═════ Dataset section ═════
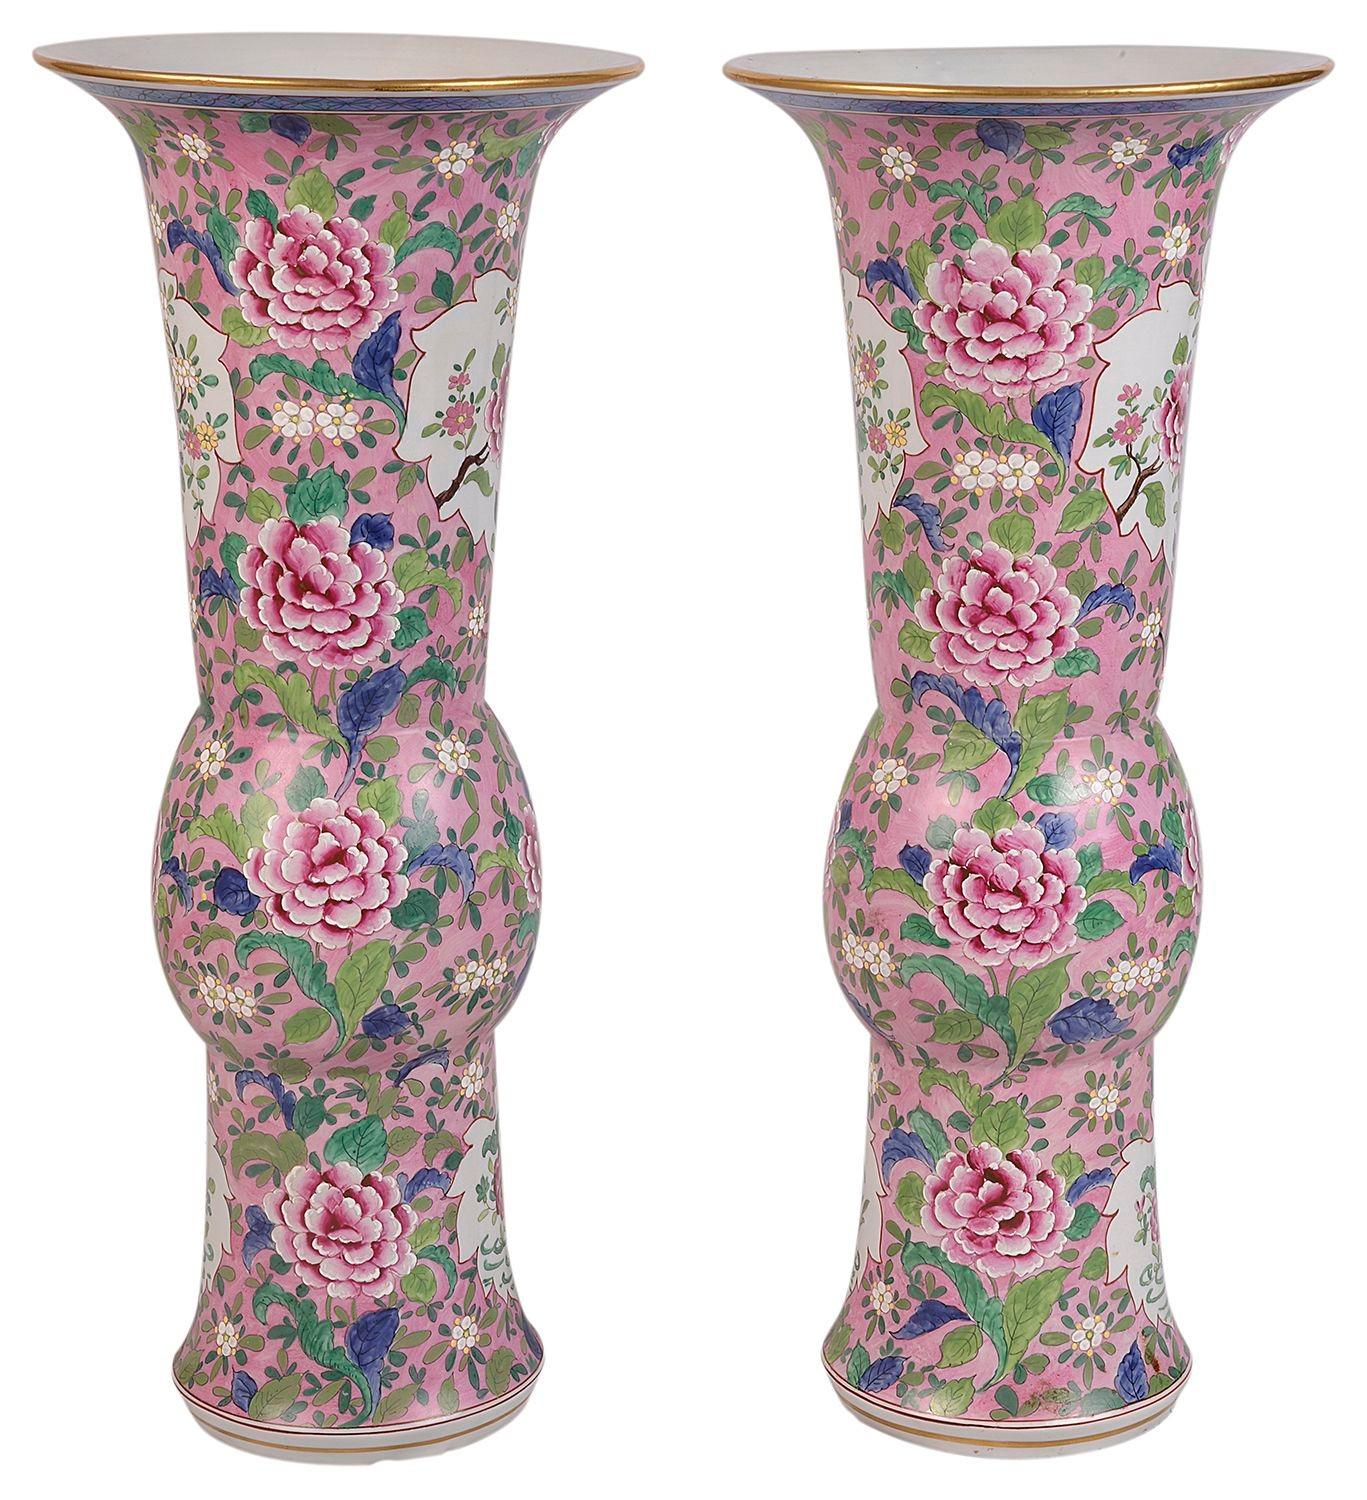 Vases/lampes de la famille rose chinoise de la fin du XIXe siècle, de bonne qualité et très décoratifs. Chacun d'entre eux représente de magnifiques fleurs et feuillages exotiques. 
 
 
Lot 72. 61601. TNUKZ.
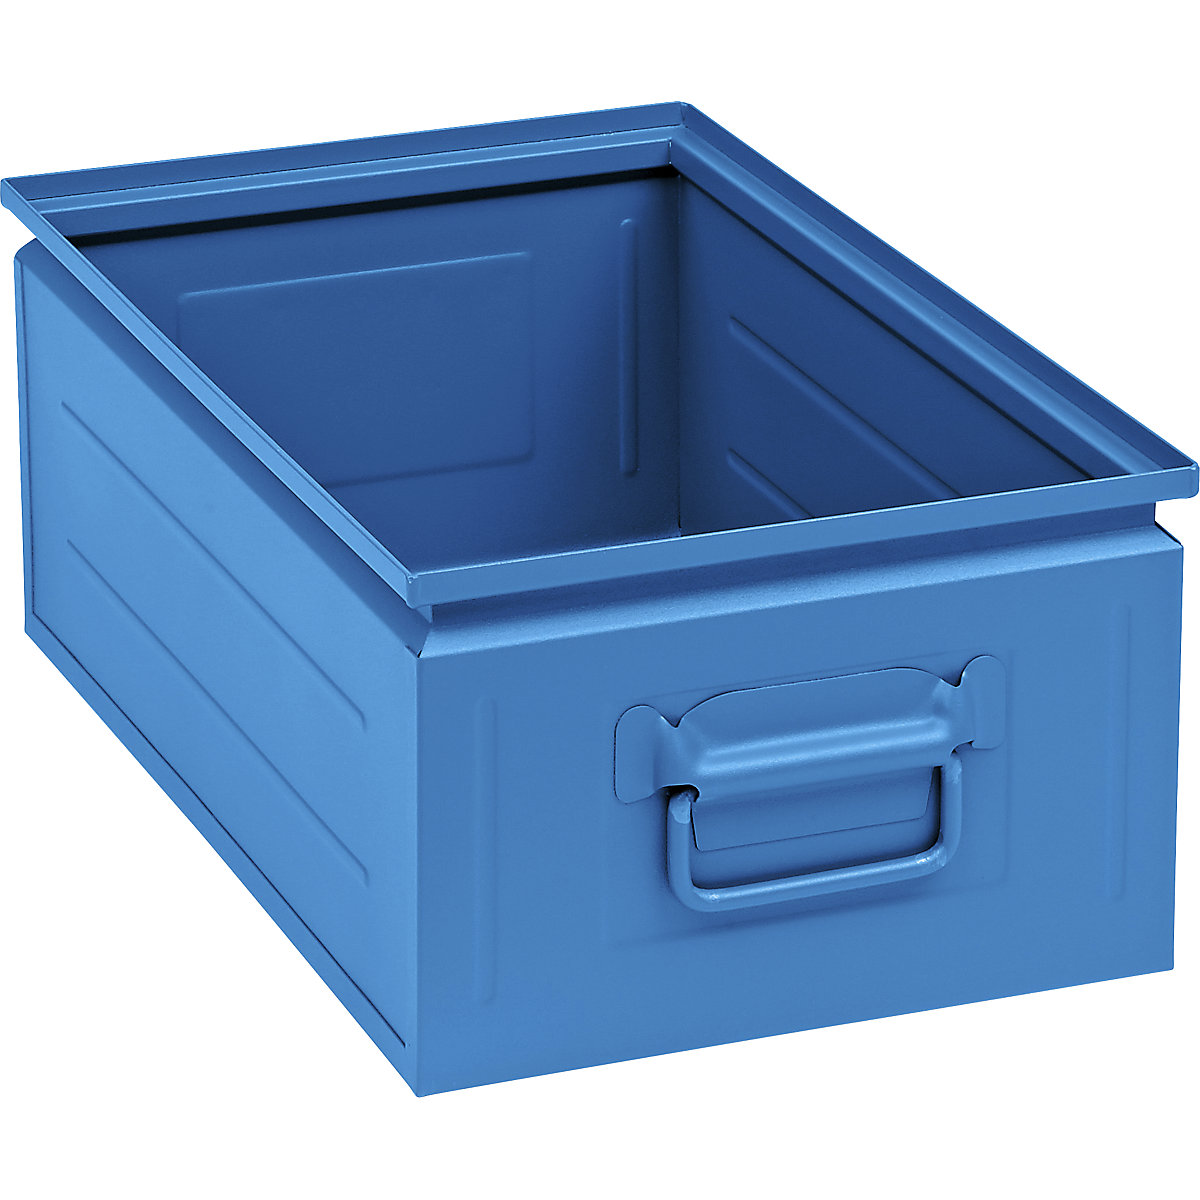 Caixa empilhável em chapa de aço, capacidade de aprox. 30 l, azul claro RAL 5012
═════
-- What the task requires --
The aim is an exact repeat of the entire listing, stripped of pictures.

-- Solution to the problem --
 Vases/lampes de la famille rose chinoise de la fin du XIXe siècle, de bonne qualité et très décoratifs. Chacun d'entre eux représente de magnifiques fleurs et feuillages exotiques. 
 
 
Lot 72. 61601. TNUKZ.
 Caixa empilhável em chapa de aço, capacidade de aprox. 30 l, azul claro RAL 5012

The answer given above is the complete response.